Friday, May 30, 2014

Bacaan Ringan "SEJARAH FESTIVAL FILM INDONESIA - PART 2"

http://massandry.blogspot.com
Tahun 1955, nasib perfilman nasional cukup mengkhawatirkan. Pertama, menghadapi persaingan cukup berat dari film Malaya (kini Malaysia). Kemudian digantikan dengan maraknya film India, yang menyedot penonton kelas menengah ke bawah. Sementara bioskop-bioskop kelas satu menolak memutar film-film nasional dan dimonopoli film-film dari Amerika Serikat. Dalam suasana suram begitu, dua tokoh perfilman, masing-masing H Usmar Ismail dan H Djamaluddin Malik, mempelopri Festival Film Indonesia(FFI).

Pertama kali mereka menggelarnya di Jakarta pada 30 Maret-5 April 1955. Sebelumnya, kedua pioner perfilman nasional itu menghadiri acara pembentukan Persatuan Produser Film Asia (Federation of Motion Picture Producers in Asia/FPA) di Manila, Filipina.

Ini yang menyebabkan Indonesia harus mengadakan FFI dan pemenangnya akan diperebutkan di FPA, yang diselenggarakan secara bergiliran di negara-negara anggotanya. Dalam FFA I 1955, film Lewat Jam Malam, produksi Perfini, meraih anugerah film terbaik, dengan Usmar Ismail sebagai produser. Film ini juga menempatkan AN Alcaff sebagai pemeran utama pria terbaik dan Dhalia menjadi pemeran wanita terbaik, dan aktor pembantu terbaik diraih Bambang Hermanto.
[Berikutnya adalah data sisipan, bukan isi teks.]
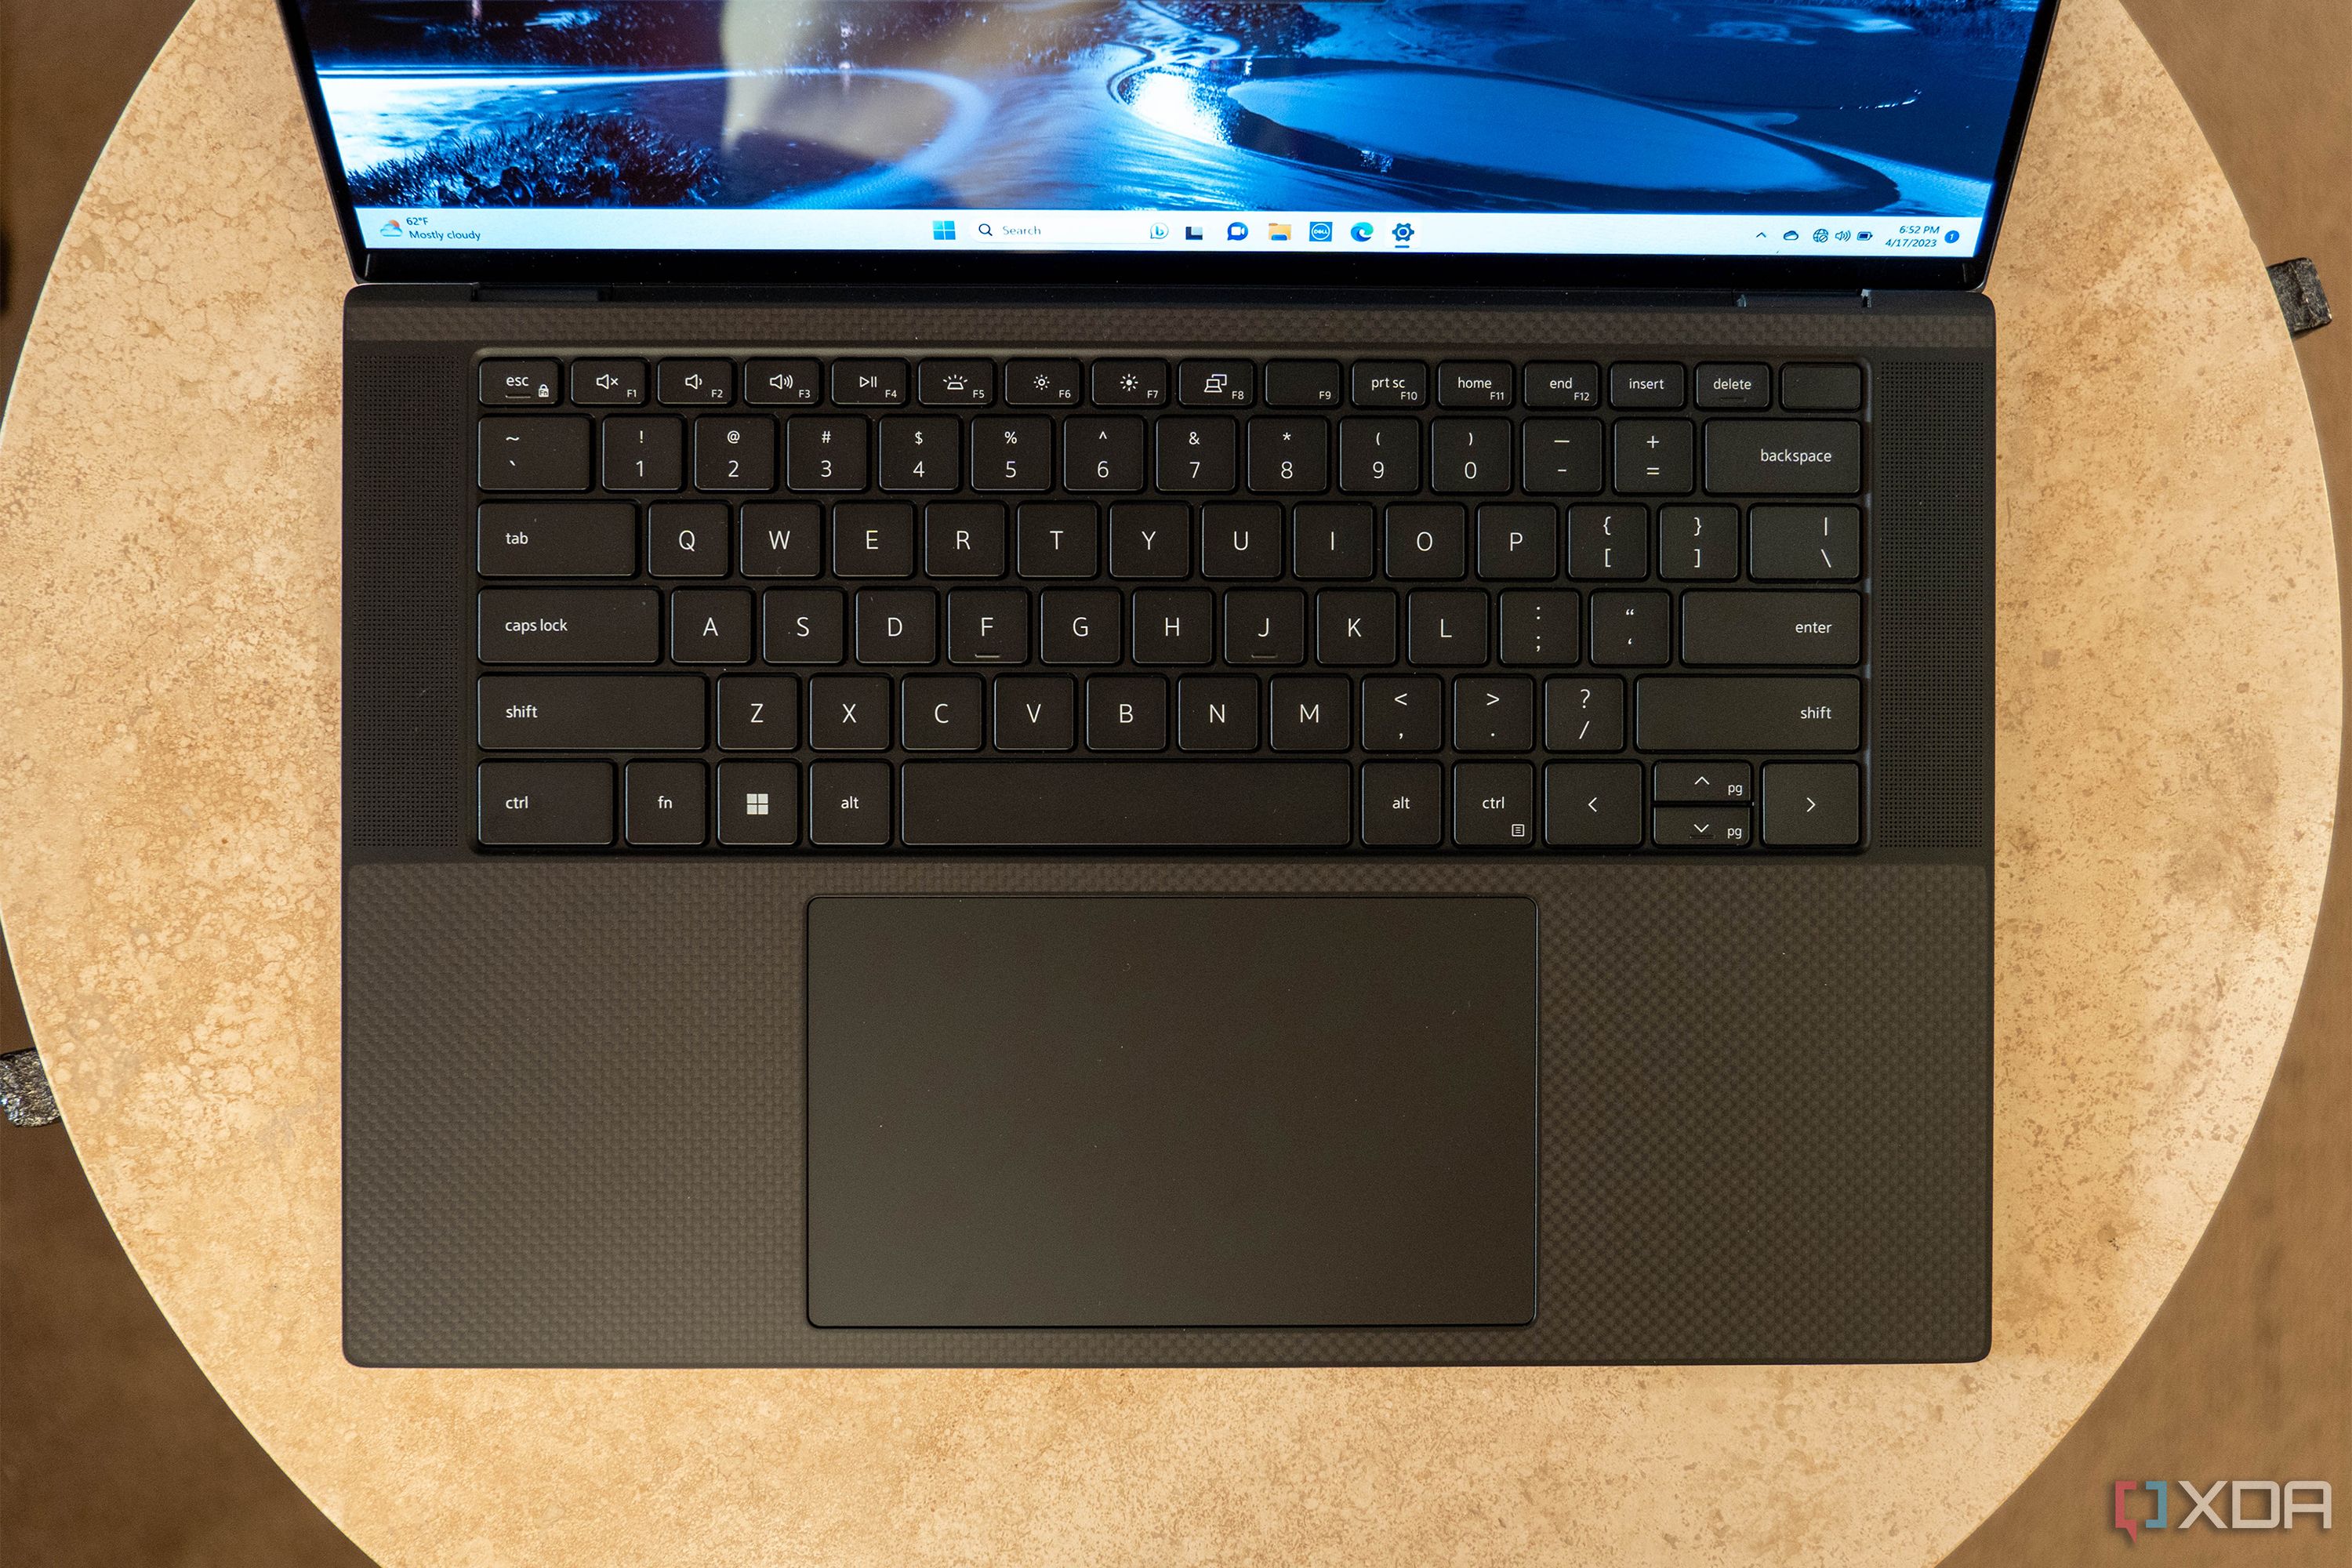 Top down view of black laptop keyboard
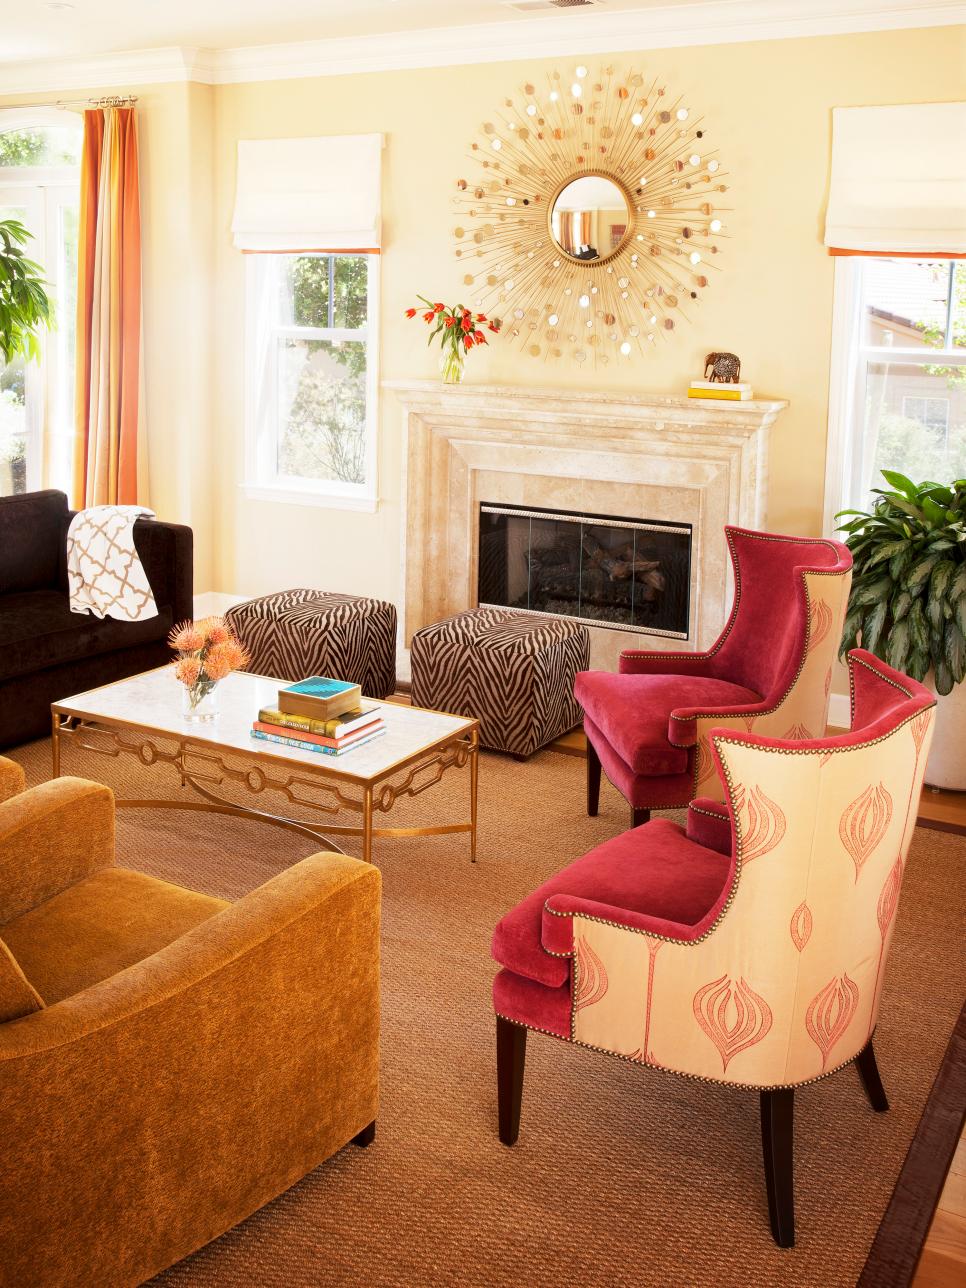 Living Room With Sunburst Mirror, Zebra Poufs, Upholstered Armchairs

Sedangkan sutradara terbaik direbut Lilik Sudjio lewat film Tarmina, produksi Persari. Gebrak bioskop utama Setelah FFA pertama sukses, keduanya kembali saling bahu-membahu dan bergandengan tangan. Mereka menghadapi keangkuhan bioskop-bioskop kelas satu atau utama yang kala itu menolak memutar film nasional dan hanya memberi tempat bagi film-film AS. Untuk membuktikan bahwa film nasional juga bermutu dan digemari penonton kelas atas, Usmar membuat film berjudul Krisis, dibintangi Nurnaningsih. Film ini diputar selama 35 hari di Bioskop Metropole. 

Sebelumnya, bioskop yang kini dikenal dengan Megaria, di kawasan Cikini, Jakarta Pusat, hanya memutar film-film produk MGM (Metro Goldwin Mayer), perusahaan film terbesar di Hollywood, AS. Setelah itu, Asrul dengan Perfini-nya membuat film Tiga Dara, dengan pemain Mieke Widjaya, Indriati Iskak, dan Chitra Dewi. Seperti juga Krisis, film ini sukses di bioskop- bioskop kelas atas. Menurut pengamat film era 1950-an, A Rahman Latief, begitu gigihnya menampilkan film-film Indonesia di bioskop kelas satu, Usmar Ismail pernah marah besar kepada Bioskop Capitol, Jl Pintu Air, depan Masjid Istiqlal, Jakarta Pusat. Pasalnya, Capitol sempat menolak memutar film Tiga Dara-nya atau Djanjiku produksi Djamaluddin Malik dari Persari.

Setelah mau memutar film-film produksi Usmar dan Djamal, Capitol ternyata sukses besar dalam meraih penonton. Kegigihan dua produser film itu mendapat respon positif dari Walikota Jakarta, Sudiro. Ia tanpa ragu-ragu mewajibkan bioskop-bioskop kelas satu untuk memutar film nasional. Masuk Lesbumi Usmar Ismail mendirikan Perfini Maret 1950, hanya beberapa bulan setelah penyerahan kedaulatan. Dengan kantor pusatnya di Jalan Menteng Raya, Jakarta Pusat. 

Sedangkan Djamaluddin Malik mendirikan Persari pada 1953 dengan studionya di Polonia, Jatinegara. Bahkan dia menyediakan perumahan untuk para artis dan aktornya. Sekarang ini Persari diteruskan oleh putri Djamal, Camelia Malik dan suaminya Harry Capri. Di tengah maraknya aksi kelompok 'kiri', Usman, Djamal, Asrul Sani, Suman Jaya, dan beberapa bintang lainnya yang telah banyak menyumbang pada dunia film, dituduh sebagai antek Nekolim, kontra revolusi, dan entah apa lagi. Untuk menghadapi intrik- intrik PKI, Usman, Djamal, dan Asrul Sani bergabung dengan Lesbumi (Lembaga Seniman Budaya Muslim Indonesia) yang merupakan organ Partai Nahdlatul Ulama (NU).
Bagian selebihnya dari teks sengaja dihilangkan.